→ DESCRIPTION OF THE TASK: Return all of the listing word for word; the pictures stay out.

→ RECORDED INFORMATION:

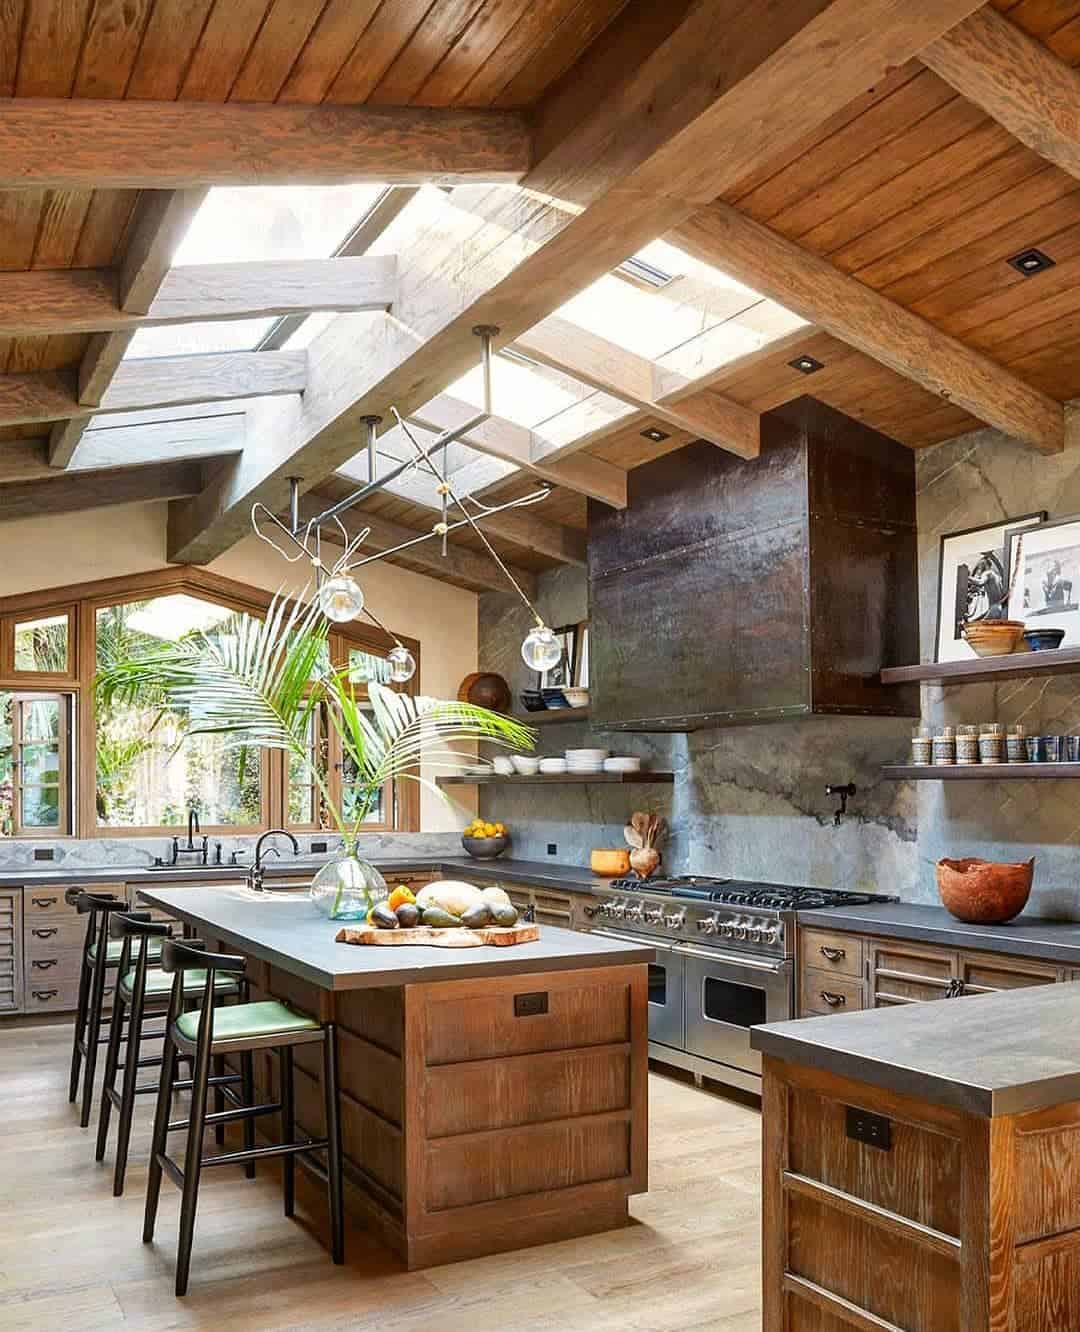  kitchen wooden design
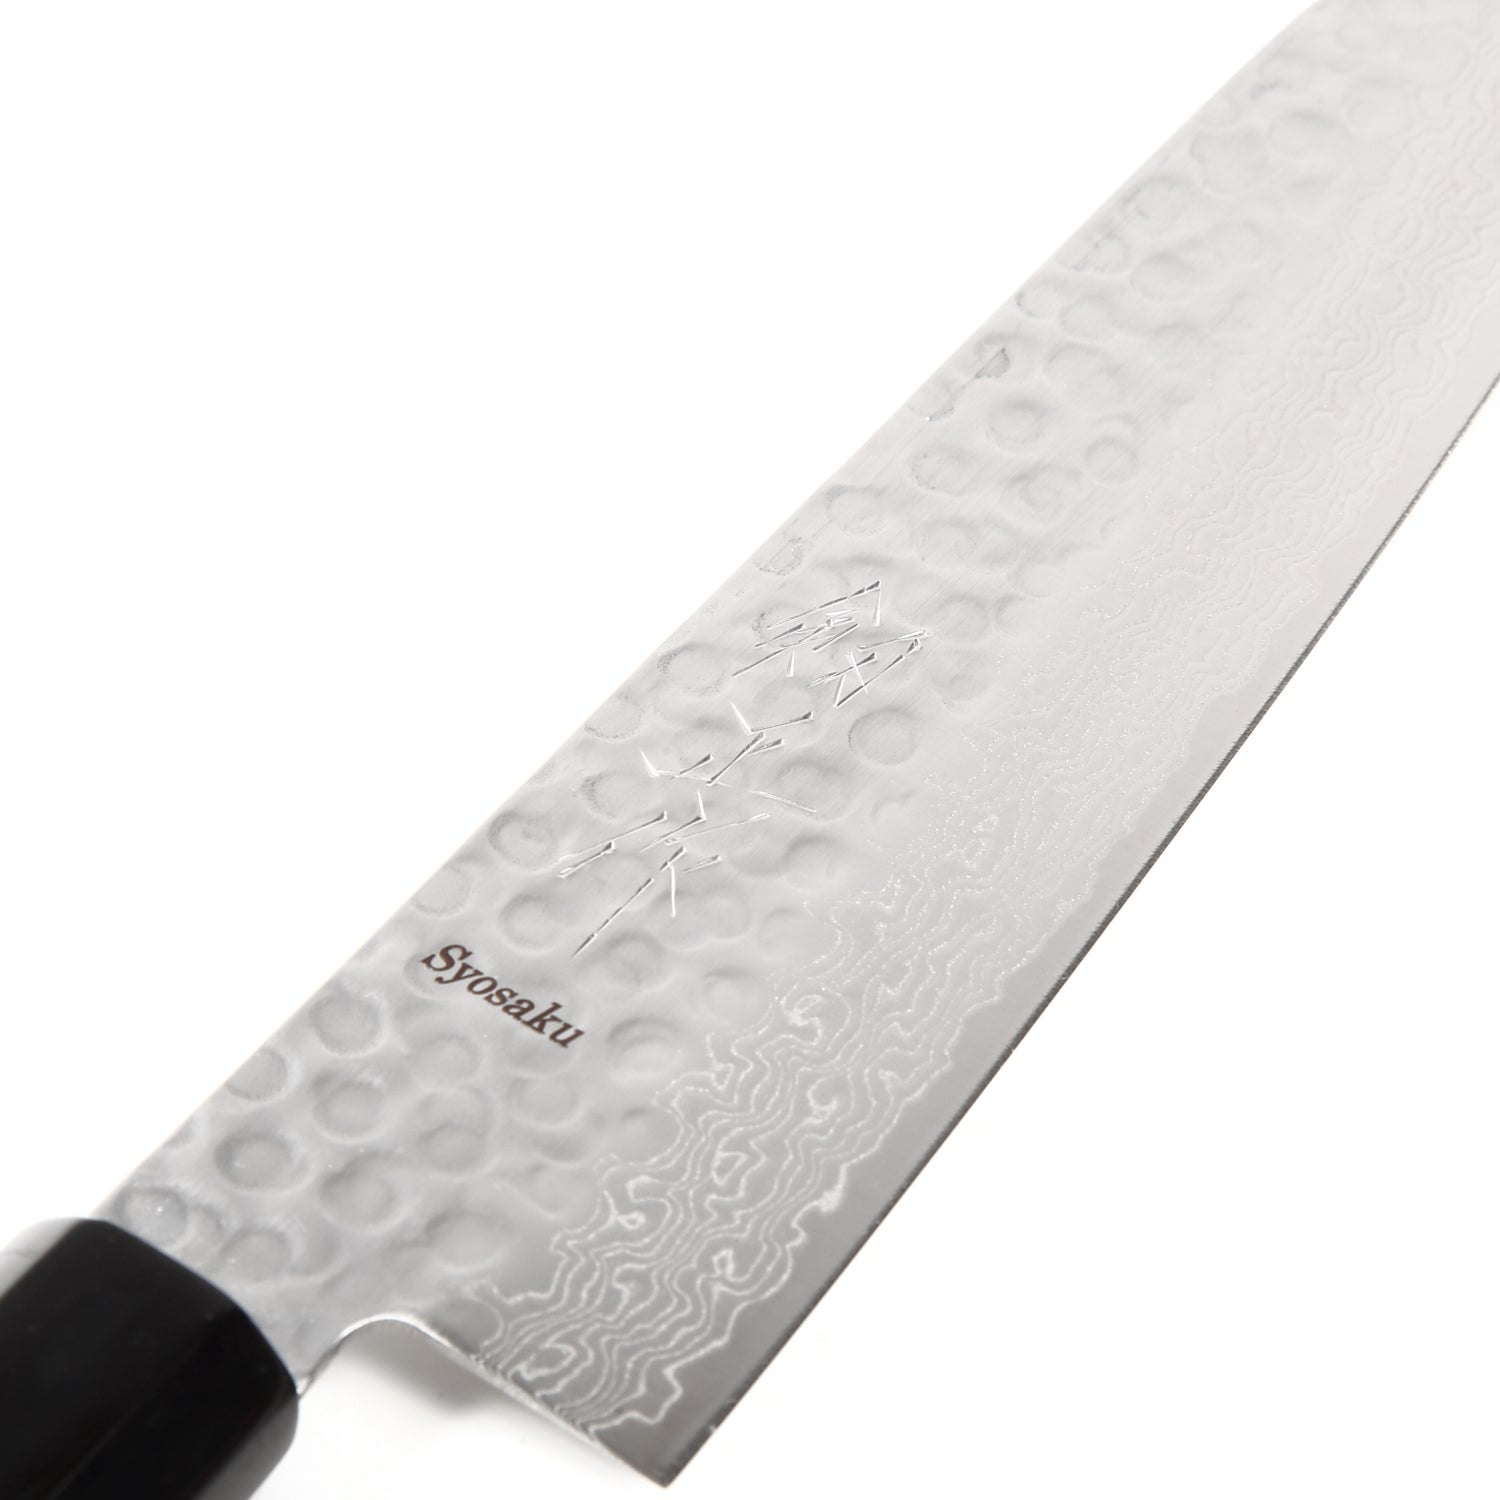 Curved Slicer (Butcher) Knife 10 Inch - Damascus Japanese VG10 Super S –
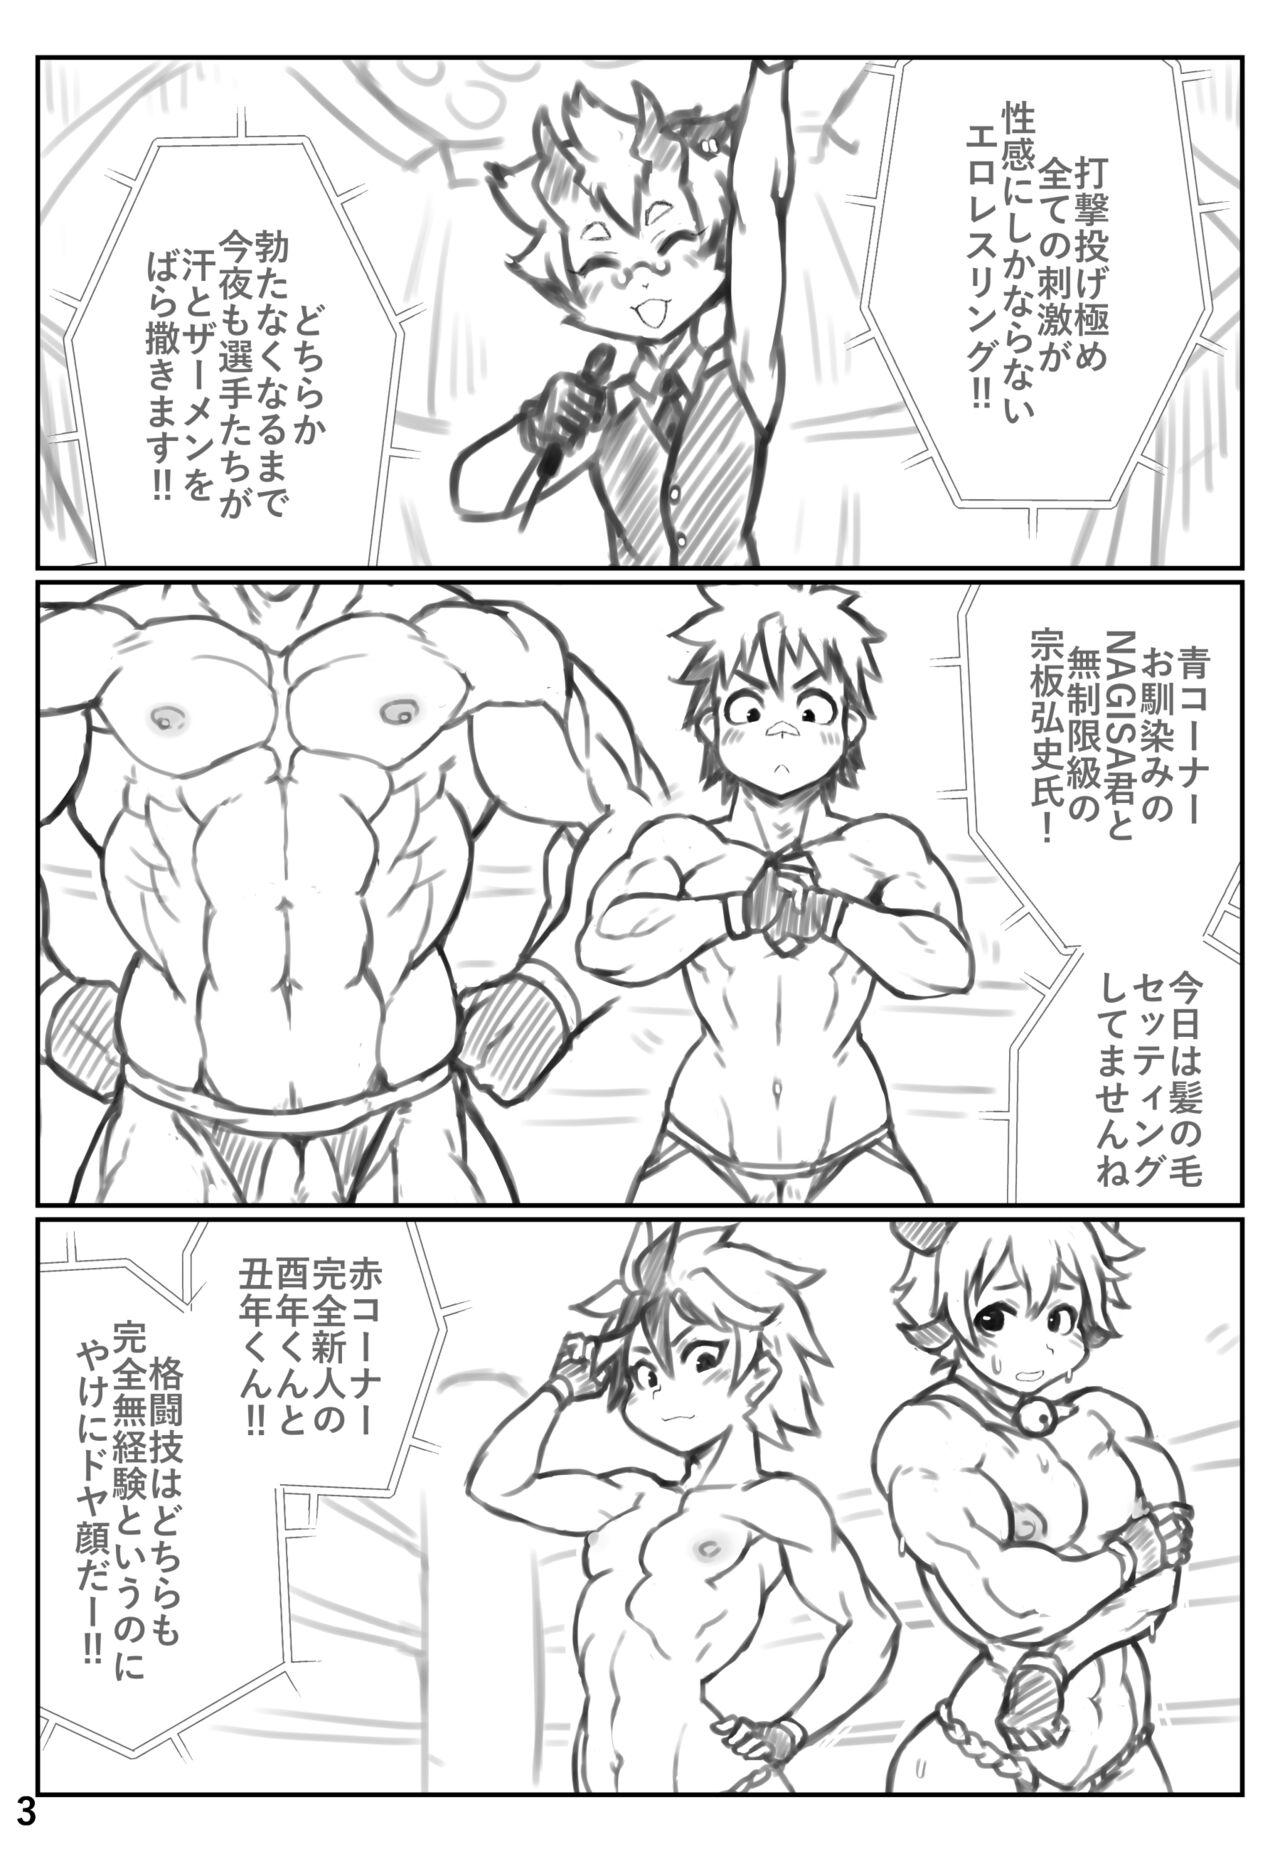 Ball Busting Puroresu ♂ o yattenai nanika - Original Assgape - Page 2
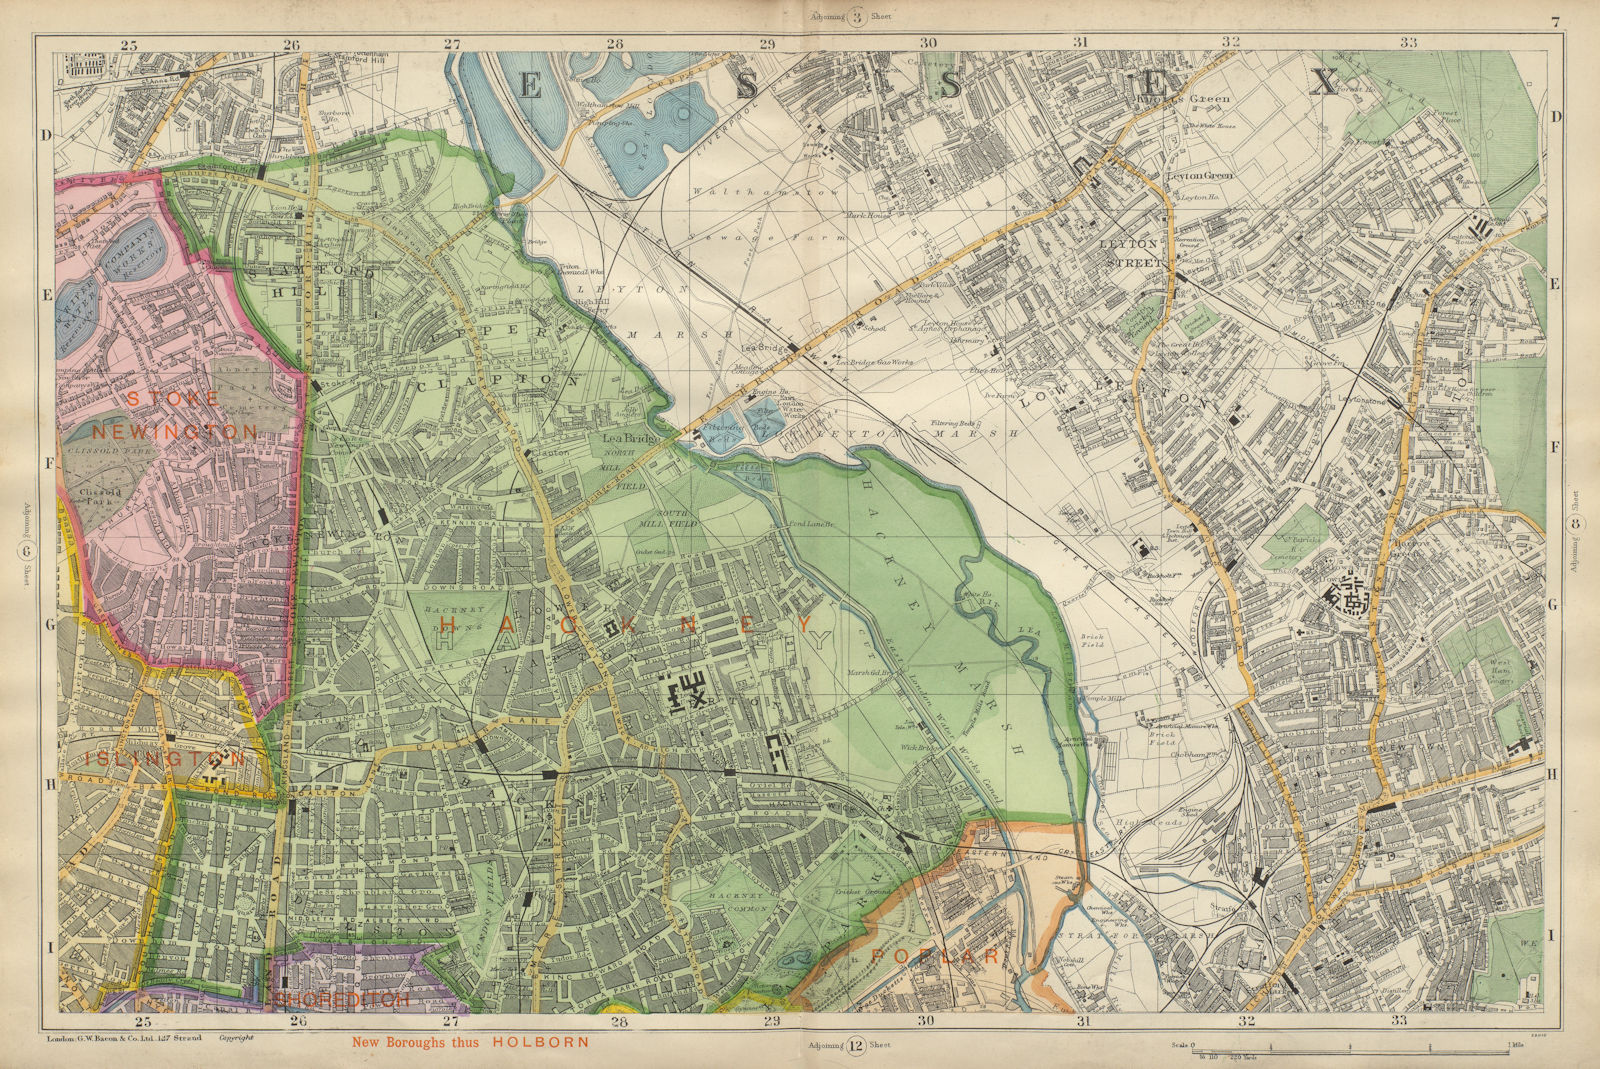 HACKNEY STRATFORD LEYTON/STONE STOKE NEWINGTON Clapton Dalston BACON 1900 map

→ WRITTEN SOLUTION:
  kitchen wooden design
 Curved Slicer (Butcher) Knife 10 Inch - Damascus Japanese VG10 Super S –
 Ball Busting Puroresu ♂ o yattenai nanika - Original Assgape - Page 2
 HACKNEY STRATFORD LEYTON/STONE STOKE NEWINGTON Clapton Dalston BACON 1900 map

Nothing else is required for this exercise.